[Opening EXERCISE MATERIAL section]

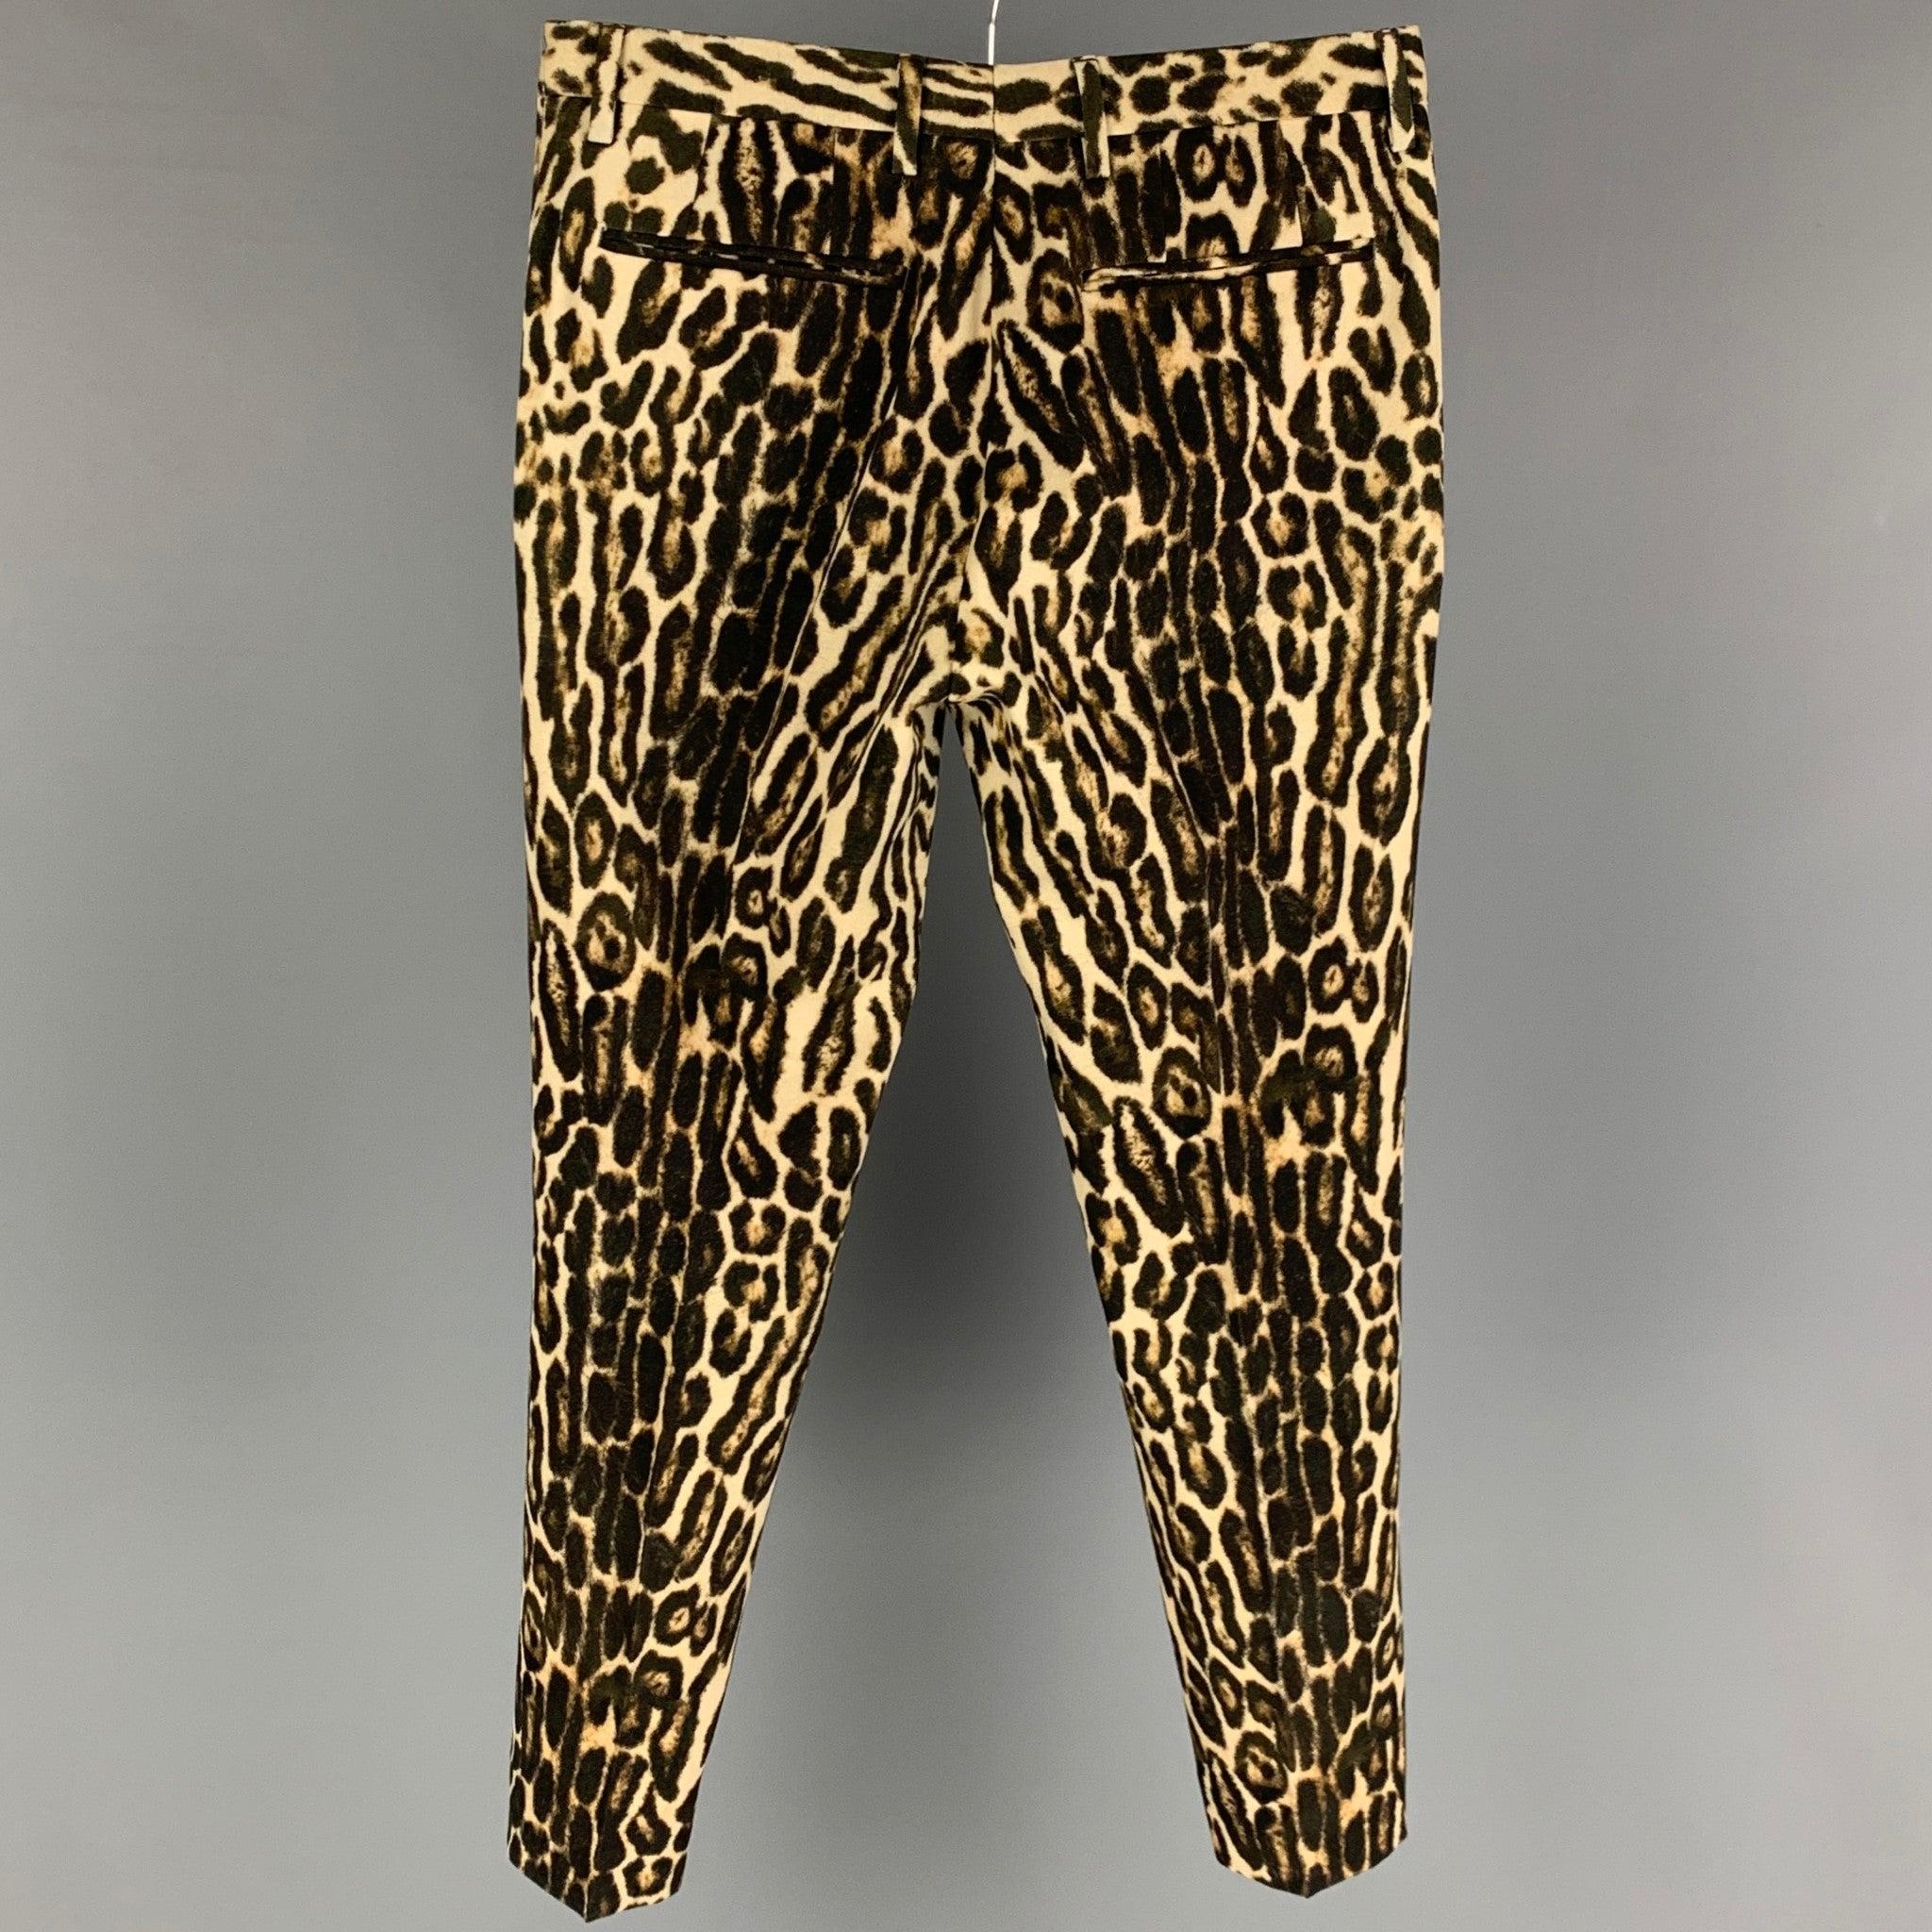 DRIES VAN NOTEN Spring-Summer 2020 dress pants comes in a black & tan animal print wool featuring a flat front, front tab, and a zip fly closure.
Excellent
Pre-Owned Condition. 

Marked:   46 

Measurements: 
  Waist: 31 inches  Rise: 9 inches

[Closing EXERCISE MATERIAL section]

— EXERCISE —
Return every entry word for word, but drop any pictures.

— TASK RESPONSE —
 DRIES VAN NOTEN Spring-Summer 2020 dress pants comes in a black & tan animal print wool featuring a flat front, front tab, and a zip fly closure.
Excellent
Pre-Owned Condition. 

Marked:   46 

Measurements: 
  Waist: 31 inches  Rise: 9 inches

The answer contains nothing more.